After all traditions were exhausted, without yielding anything tangible or satisfactory, we turned with great confidence to the records of the county of Bucks, in which Mr. “Benger” had lived for a number of years. After a diligent and protracted search, embracing a number of years before and after his known residence in the county, we were not able to discover that any person by the name of “Benger” had ever owned a foot of real estate in the county or had been in any way publicly connected with its affairs or its administration. We had search made in Philadelphia with the same fruitless results. There is a faint tradition that Thomas Benger, if that was his name, was a fox-hunting Irish baronet, and if this was so, it is probable he returned to the old country about the time he sold Messenger in 1793. However this may be, the owner is forgotten, but his horse will live forever.

Among the many eulogies and word-paintings of Messenger, by writers who knew the horse personally, we select the following from the pen of the late David W. Jones, of Long Island, as the most striking and picturesque. He says:

“Having scanned in my boyhood the magnificent form and bearing of this noble old horse, and for more than half a century having drawn reins over his descendants, I have for a length of time felt it incumbent to furnish such facts and impressions, as, when considered with those of others, will give the younger portion of the present generation, as well as posterity, a fair knowledge of the general characteristics of the noblest Roman of them all. The first time I ever saw old Messenger my father sent me to the farm of Townsend Cock, Esq., of the County of Queens, L. I., where the horse was then standing, to receive his services. On my arrival at his harem, I found the groom, whom I knew, and he at once placed me with the mare a short distance from the stable, by the side of a barrier erected for security. Having at home heard frequent and long discussions in relation to the wonder I was now to behold, you may suppose I was all eyes. Presently the stalwart groom, James Lingham, with, at the extreme end of the bridle rein, all the blood of all the Howards, turned the angle of the stable and came in full view. The moment the old horse caught sight of the paragon of beauty I had brought to his embrace, he threw himself into an attitude, with the grandeur of which no other animal can compare, and at the same moment opened his mouth, and distending his nostrils, raised his exultant voice to such a pitch as gave unmistakable evidence of the capacity of his lungs and the size of his windpipe. Indeed, if his nostrils were as much larger than ordinary as my boyish vision pictured them, I can almost suppose that Mr.

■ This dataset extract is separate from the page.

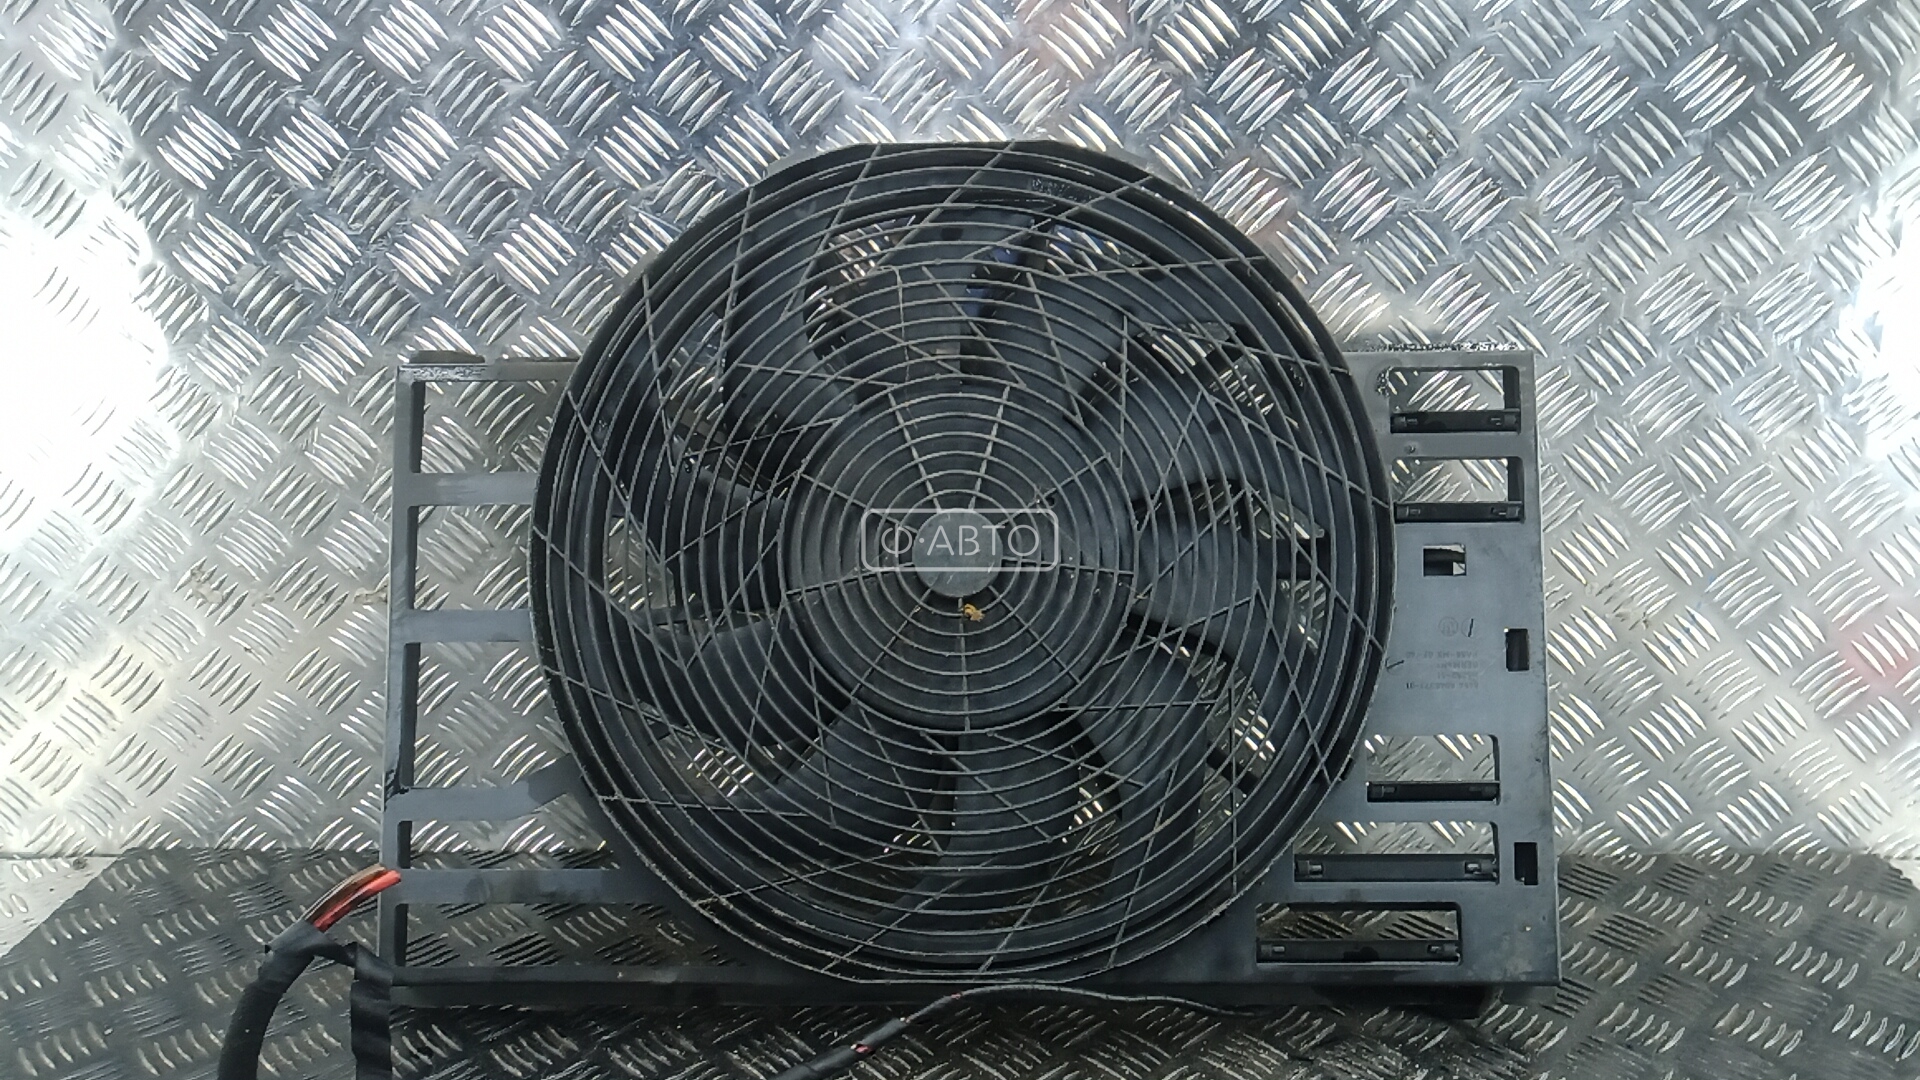 Вентилятор радиатора BMW 7

McMann with his little bay mare (Flora Temple), and sulky, could drive in at one, down the windpipe, turn under his immensely long arching loin and out at the other.... At that early day I was only impressed by those extraordinary developments; but in after years as I sit behind his offspring, they invariably remind me of what was then to my youthful judgment less apparent—the extraordinary strength of his loin, the length and beautiful molding of the buttock, the faultless shape of the crupper bone, giving an elegant set to his fine flowing tail, as well as the remarkable swell of his stifle, altogether forming a most perfect and powerful hind quarter.”